The report is fascinating, and the vignettes that Canclan describes should be keeping US military and defense personnel up at night.

Primer on Multi-Factor Authentication

Via Schneier, Stuart Schechter has an excellent article for MFA n00bs people new to multi-factor authentication:

Many online accounts allow you to supplement your password with a second form of identification, which can prevent some prevalent attacks. The second factors you can use to identify yourself include authenticator apps on your phone, which generate codes that change every 30 seconds, and security keys, small pieces of hardware similar in size and shape to USB drives.

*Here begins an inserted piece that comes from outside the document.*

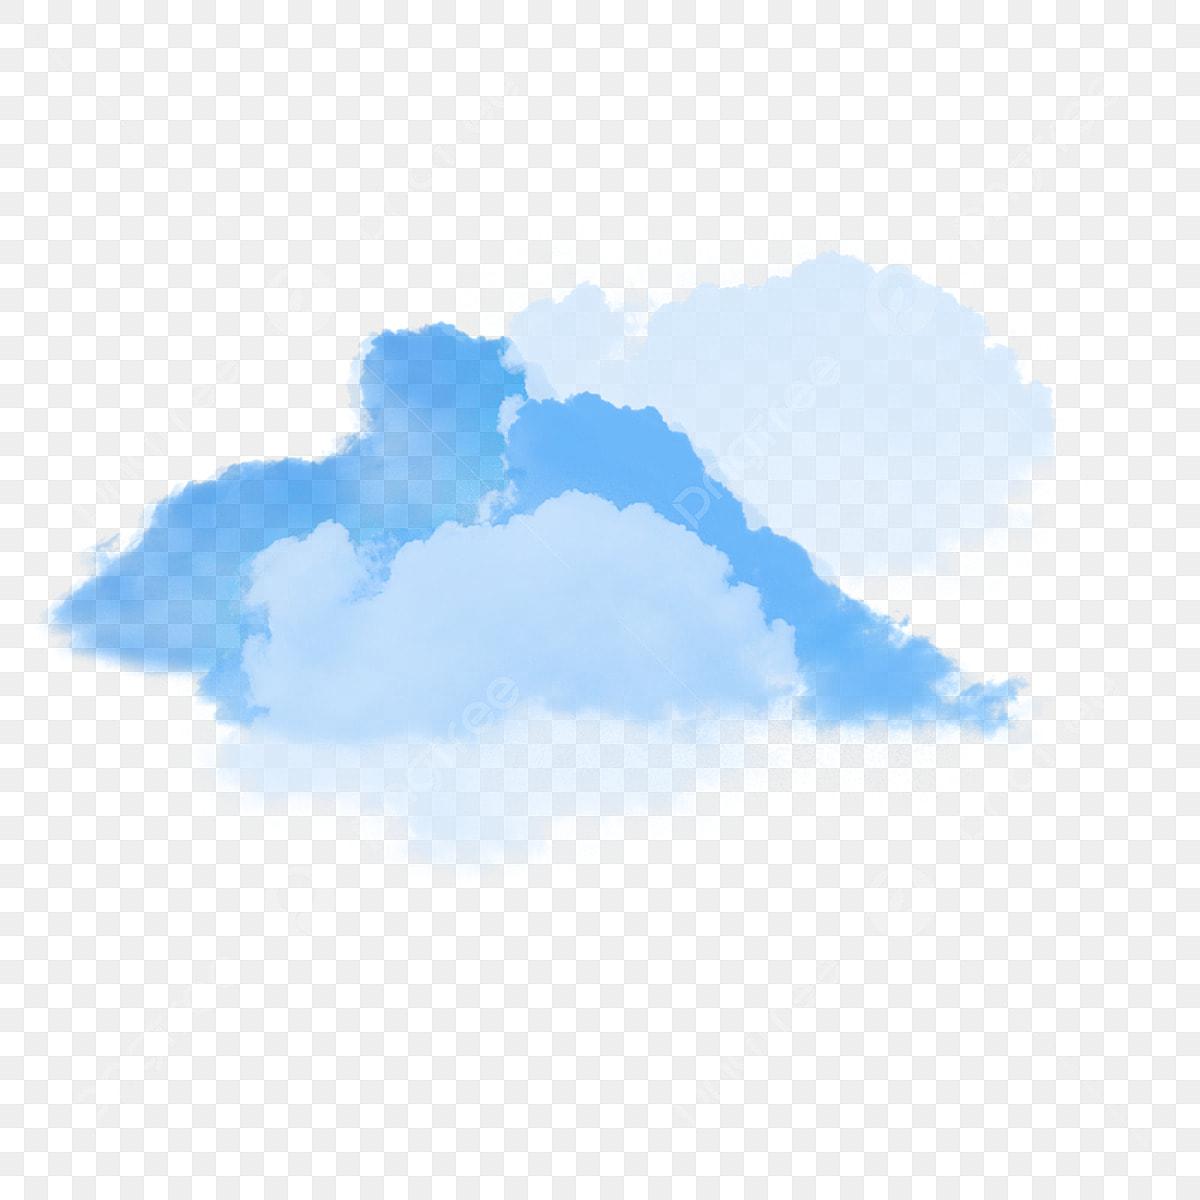 gambar putih awan cuaca mendung awan gelap hujan selepas hujan png dan psd untuk muat turun percuma pngtree
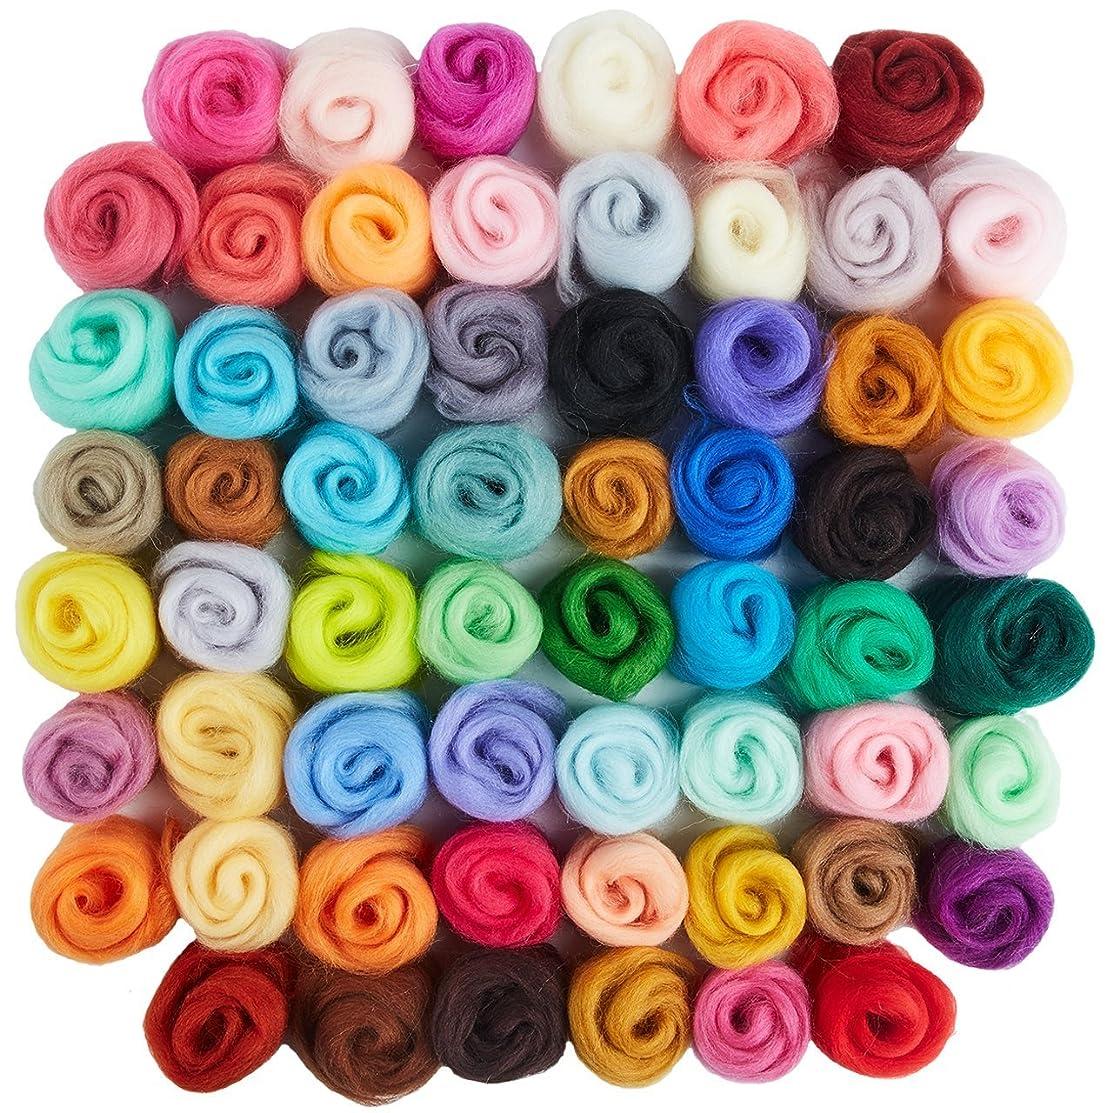 Vranky 60 Colors Wool Roving/Roving/Roving Wool/Needl/Felting Wool/Fibre Wool

Since innovations that can actually improve the security of your online accounts are rare, there has been a great deal of well-deserved enthusiasm for two-factor authentication (as well as for password managers, which make it easy to use a different random password for every one of your online accounts.) These are technologies more people should be using.

However, in trying to persuade users to adopt second factors, advocates sometimes forget to disclose that all security measures have trade-offs . As second factors reduce the risk of some attacks, they also introduce new risks. One risk is that you could be locked out of your account when you lose your second factor, which may be when you need it the most. Another is that if you expect second factors to protect you from those attacks that they can not prevent, you may become more vulnerable to the those attacks.

Before you require a second factor to login to your accounts, you should understand the risks, have a recovery plan for when you lose your second factor(s), and know the tricks attackers may use to defeat two-factor authentication.

Read it, and then send it to all of your non-technical friends, unless they happen to be politicians in a certain elephantine party in the U.S.